Complexity

Yesterday, I woke up at 5am, opened Facebook on my phone, and saw the news that an exceptionally lovely woman who volunteered with the youth group at the church I grew up in had passed away in the night. She was kind and joyful and too young to die, and while I’m now many years removed from that church, I found myself struck by a deep and complex grief.

Earlier in the week, I felt myself heading into a manic upswing. And mania doesn’t usually just go away because things get sad…it just finds different ways to process the negative emotions. Rather than the numb sorrow of depression, this sadness is sharp, acute, intense. Manic grief is, on its own, complex.

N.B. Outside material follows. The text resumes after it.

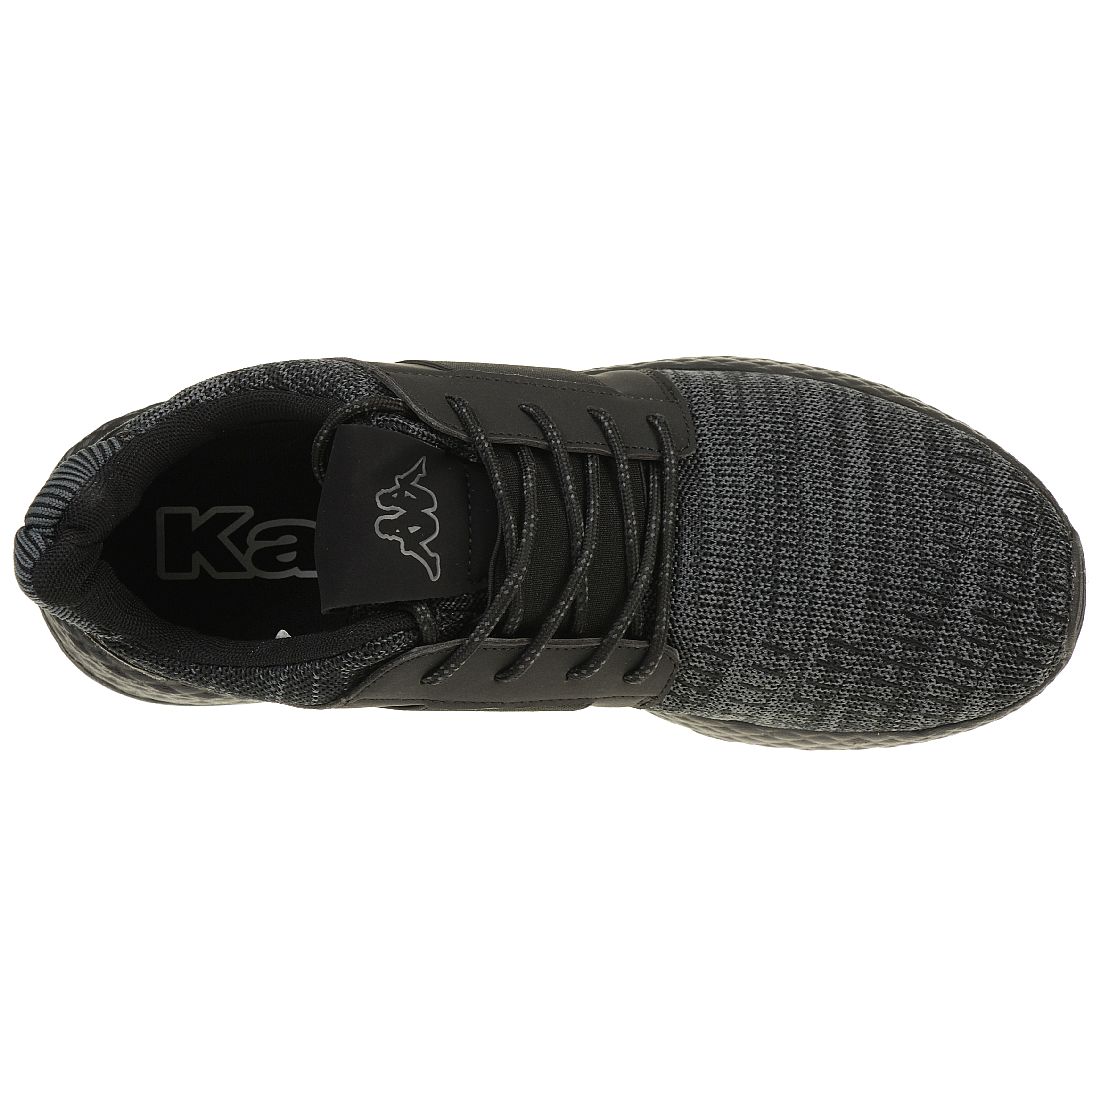 Kappa FEENY Sneaker Unisex Turnschuhe Schuhe schwarz 242683

But added to that is the realization that there were a lot of adults in my formative years that I don’t necessarily agree with now that I’m an adult, and some of them probably wouldn’t want anything to do with me now (though the woman in question here would not fall into that latter category, so far as I know), but they kept me alive back then, when I was starting to wrestle with my own inner demons and darkness. It’s because of them that I could grow into the person I am today. Thinking about them is creating this weird mix of feelings of loss and nostalgia and gratitude and more loss.

I didn’t know this woman well, and aside from wishing each other happy birthday on Facebook, we hadn’t talked in years. Still, she left an impression that has stayed with me, and I can’t help but wish I could have said “thank you” one more time. If heaven exists, it is for people like her – if I can live my life with a fraction of the kindness and joy and grace that she did, I will have done well.